One of my friends ordered a Banana and Caramel Crepe for desert that he said was quite tasty. Rather than rolling the crepe, they make it like a hobo’s purse (see picture below), and fill it with bananas, fresh whipped cream and toasted walnuts. It’s baked and and then served covered with cajeta (a carmel sauce made with goats milk) and cinnamon ice cream. My friend was surprise at how warm it was on the outside, yet nice and cool on the inside. Quite a nice treat after a hot day on the beach.

I’d like to encorporate some of these unusual finds into Tweet Sweet. Dessert choices that are different from the usual rich chocolate cake, tiramisu, New York cheesecake selection you get at every other eating establishment. So I guess more traveling, and more reviews!

The Quest to Create the Greatest Sweet Shop of all Time Begins

Sunday, August 27th, 2006

I feel like I should say “Welcome to my Blog” or something like that since this is my first posting of this blog. Or I think I should talk about Tweet Sweet in general terms, or in terms of this blog. I also feel like I should explain that I’m not much of a writer, or even write “testing testing testing” and then see how it looks before I make this live. But it’s live, and it’s here for all of you to read.

Tweet Sweet? What in the world is that? Well, it’s all about a dream of mine that started bouncing around in my head a couple years ago. Well, maybe it started when I was born, but became more vivid in the past couple years. Tweet Sweet is my dream to create the greatest sweet shop of all time. A website you ask? No, a REAL sweet shop - the whole brick and mortar, bell-on-the-door, touch-feel-smell-savor shop.

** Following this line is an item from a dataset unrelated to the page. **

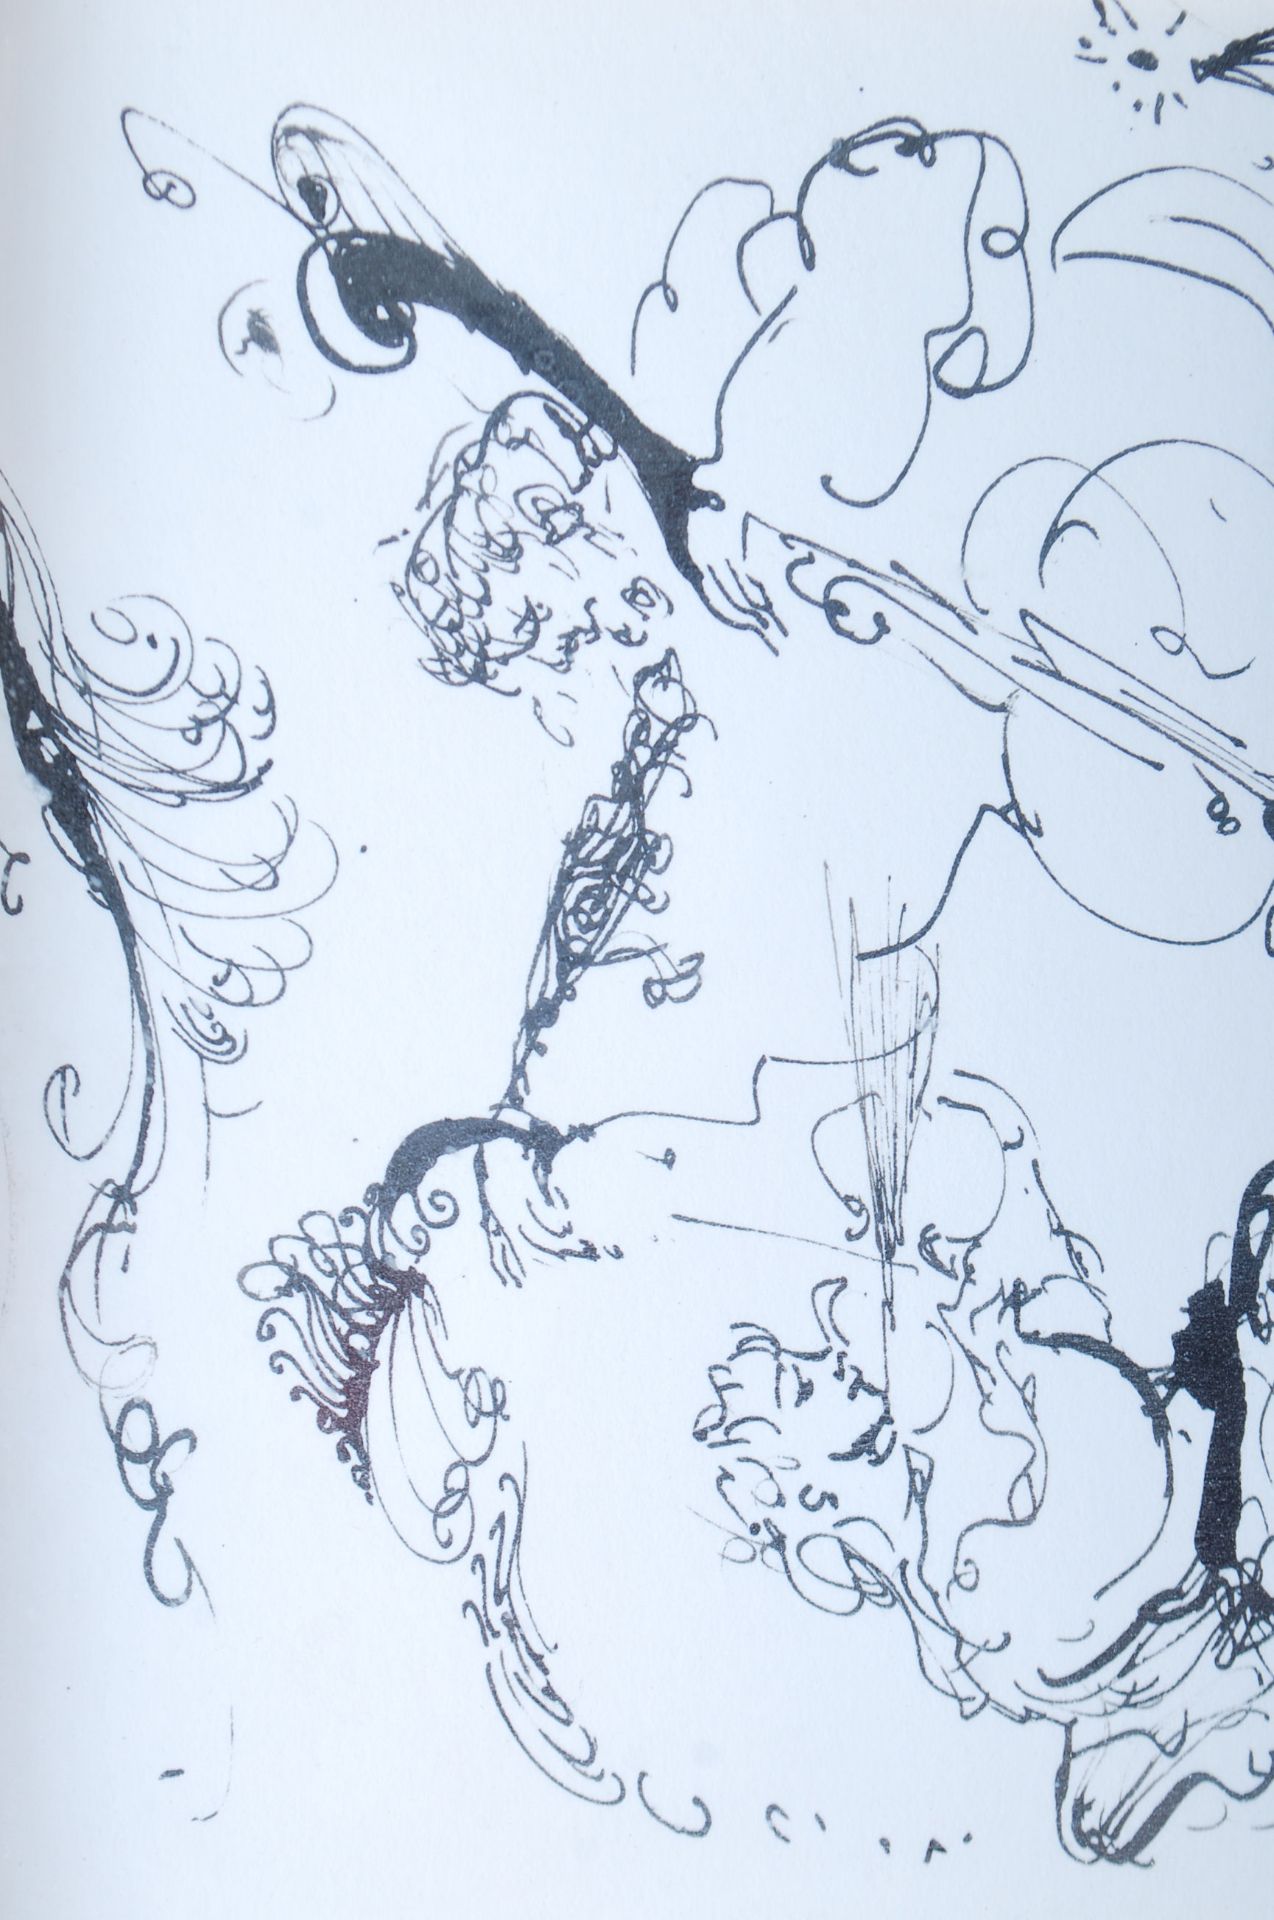 DEENAGH MILLER LOCAL INTEREST INK DRAWING OF MUSICIANS - Image 3 of 5

And then, why in the world would I need a blog then? Since the Tweet Sweet only exists in my mind (right now) - my life is filled with all these opportunities to gather ideas from places I visit, people I run into, and crazy thoughts of what would make a sweet shop a fun place to visit. And my blog is a place to record these ideas, to share and take comments on, and to take the dream closer to a reality. (Oh, and practice this whole “blog” thing as well)

Much more to come, thanks for stopping by!